22 April 2014 No Comment

canstockphoto17692156Interviews are one of the most stressful and nerve wracking parts of the job searching process. Most people are fearful that their nerves will get the best of them and cost them the job, but it may not be your nerves that ruin your chances; it may be your actions. Are you making these 4 interview mistakes?

1.      Over exaggerating Your Qualifications

One of the most common interviewing mistakes is over exaggerating your qualifications. Most job seekers will tell the hiring manager that they can handle any task he or she describes in an attempt to land the job. This usually winds up backfiring on candidates when they are unable to meet the employer’s expectations or live up to the responsibilities of the job. Honesty is always the best policy.

If you do not have experience with one particular task, be upfront and honest about it. Hiring managers are looking for candidates that shine in a few areas. They understand that not every candidate can meet all of the job description’s specifications.

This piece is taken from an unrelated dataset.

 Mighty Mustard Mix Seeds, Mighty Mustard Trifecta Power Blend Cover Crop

2.      Failing to Research the Company

It may seem like it’s enough to perform a job search and apply directly, but you need go beyond this basic step and research the company. It’s essential to be prepared for your interview, and this means preparing for interview questions. Get to know the company you are applying for.

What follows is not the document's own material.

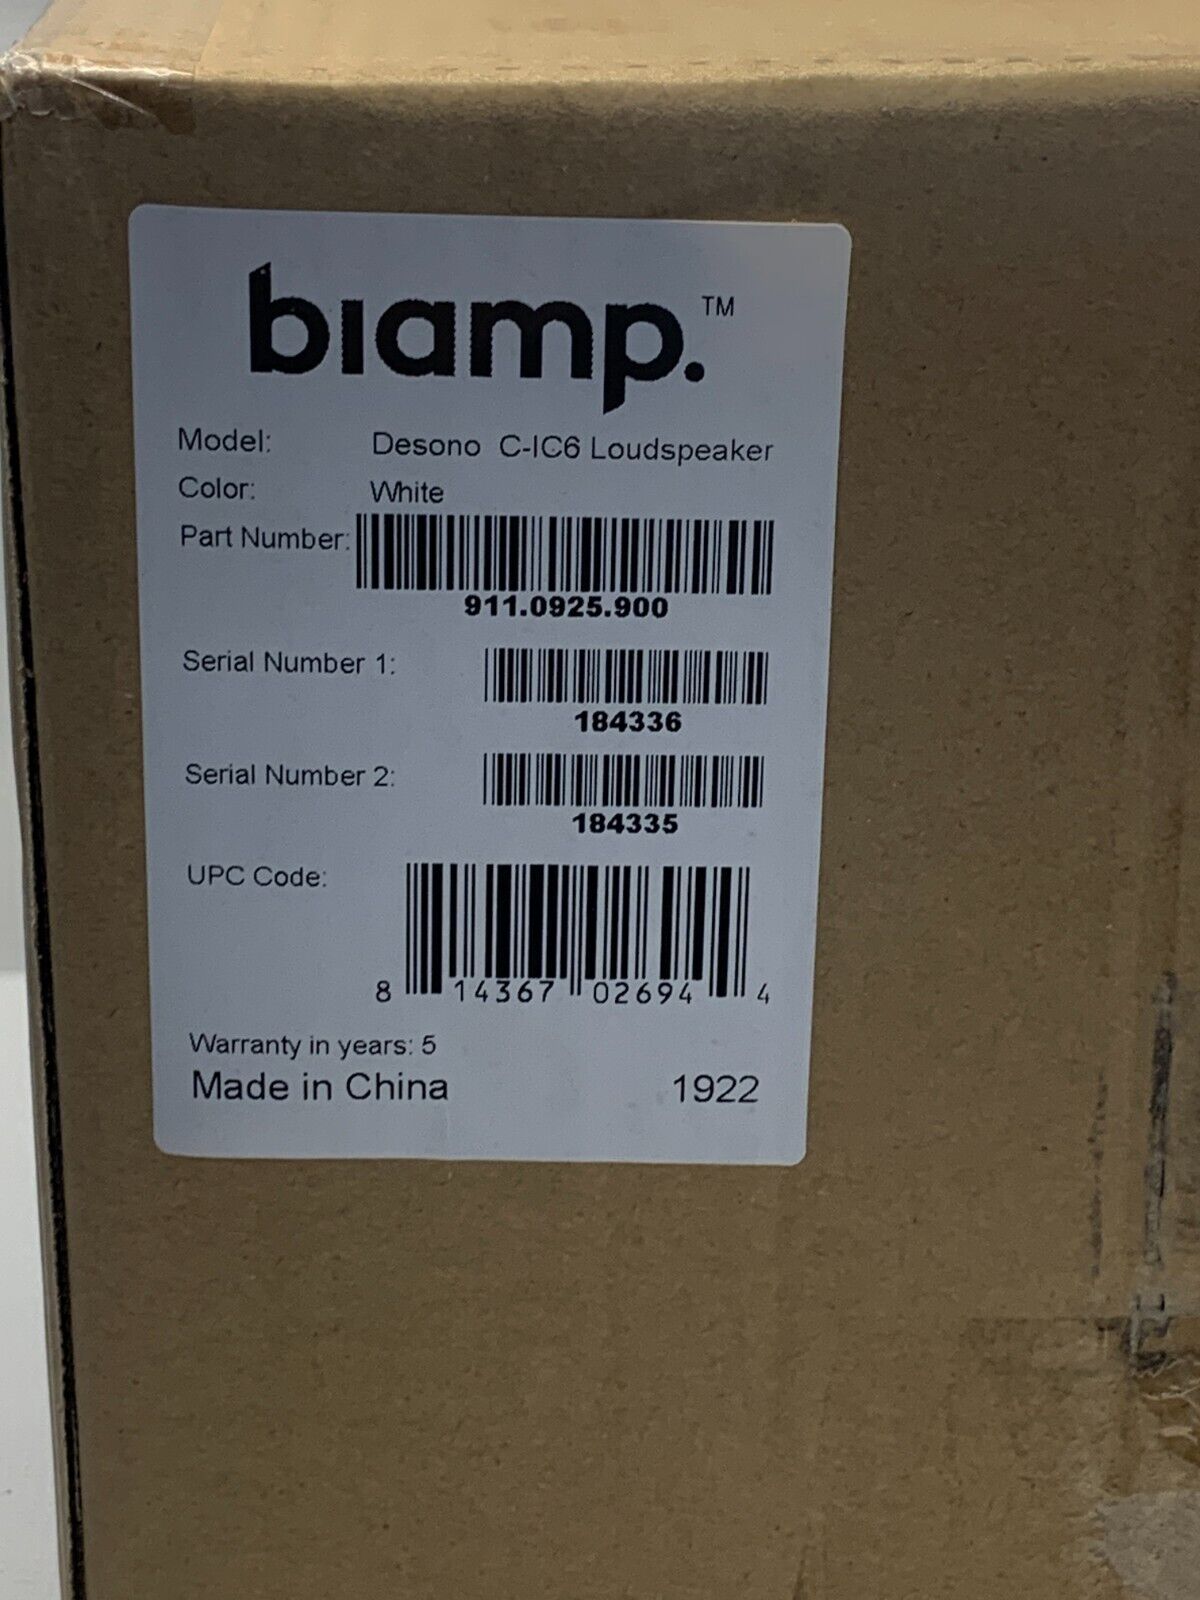 Biamp Desono C-IC6 2-Way 6.5" 60W Conferencing Ceiling Speaker - 911.0925.900

Find out what their needs are and about any new projects they are working on. This allows you to go into the interview armed and ready to answer any question the hiring manager may ask about the company. It also gives you the opportunity to discuss the company’s needs and how your skills can address those needs. If you go into the interview not knowing a thing about the company, the hiring manager is not going to be impressed.

3.      Not Asking Questions

Far too many job seekers fail to ask questions during their interviews. Not having any questions for the interviewer makes you appear unprepared and disinterested. Ask a question about the company, its culture, or the position you are interviewing for. For instance, you may ask the interviewer why he or she enjoys working at the company. Asking questions shows that you are really interested in the position and serious about the job. It also demonstrates your ability to think on your own and not just do as your employer asks.

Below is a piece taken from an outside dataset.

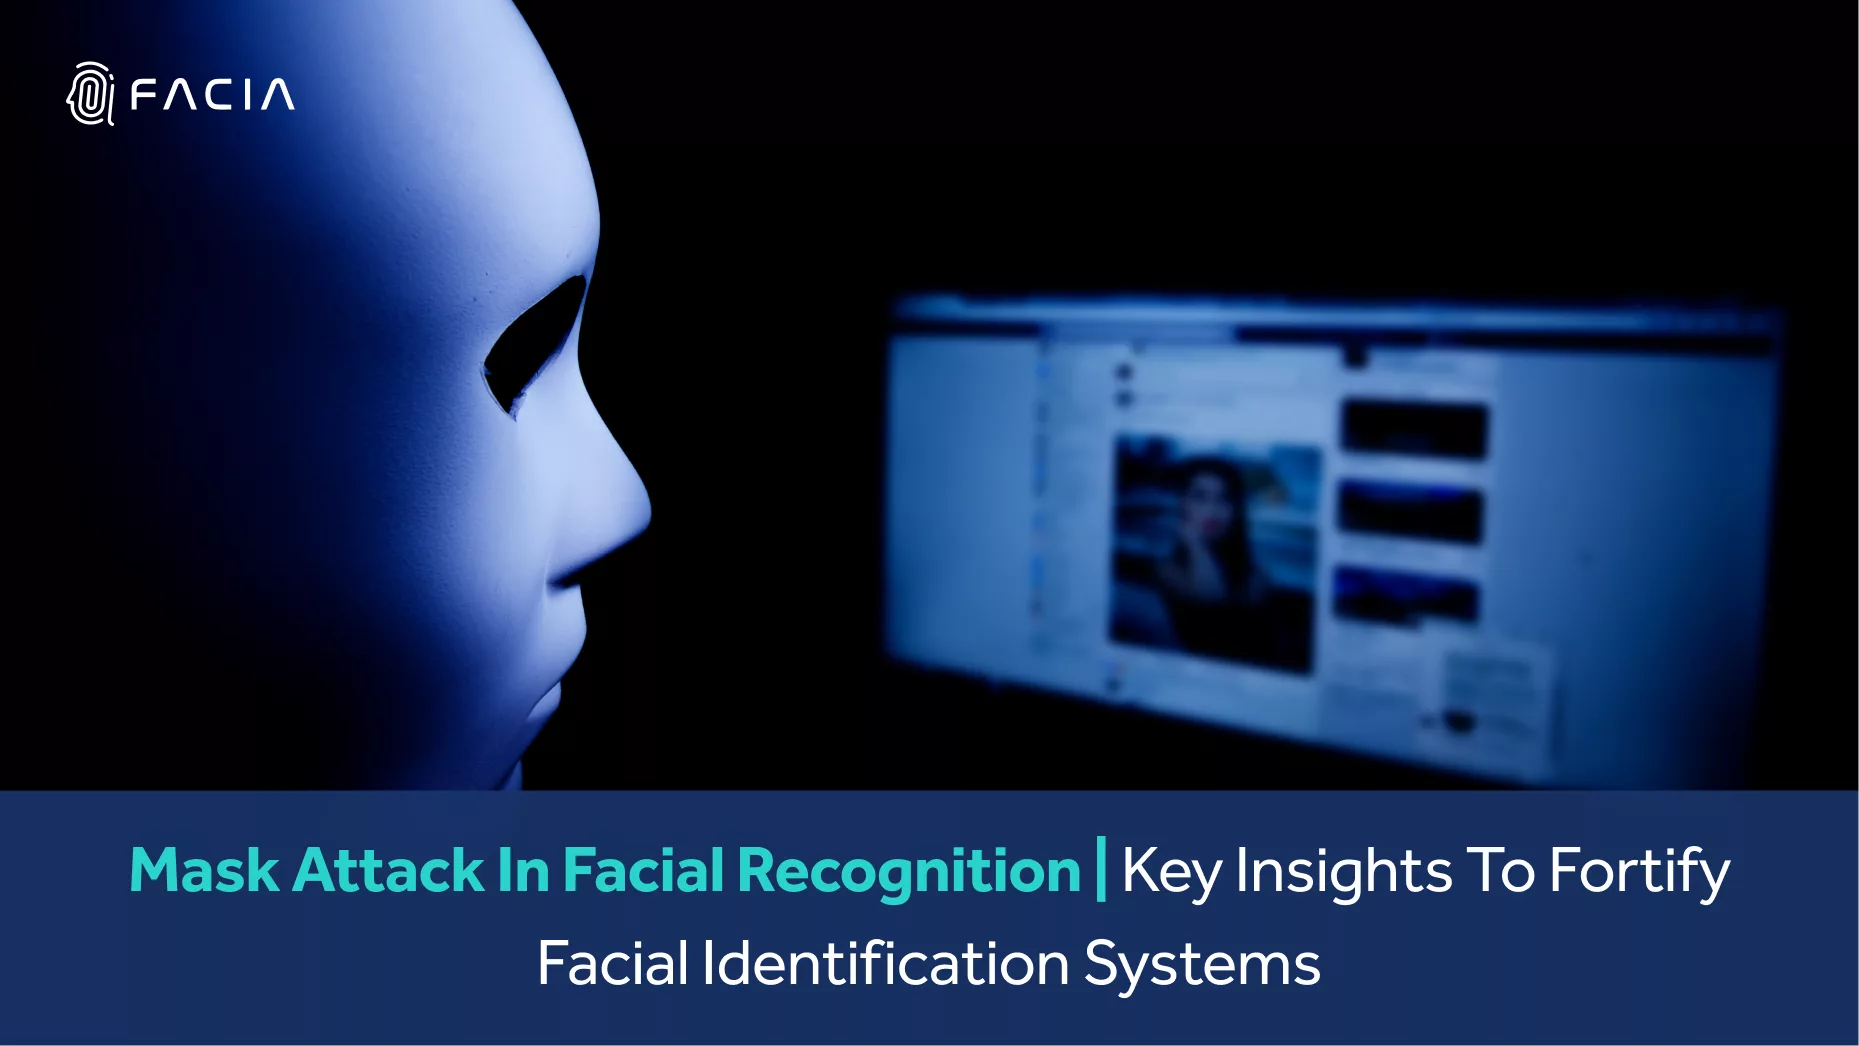 Mask Attack in Facial Recognition – Key Insights to Fortify Facial Identification Systems

4.      Being Negative About Past Employers

Negativity will ruin your chances of landing a job. Bringing up bad experiences from your previous employers will create a negative impression. Why would a hiring manager want to add you to their team if you have nothing but negative things to say about your previous employers? Instead, adopt a positive outlook. A candidate with an upbeat attitude is more driven and motivated in the eyes of a hiring manager. Positivity also helps keep employee morale up, whereas a negative attitude may wind up slowing productivity. Always enter the interview with a smile and greet the hiring manager with a handshake.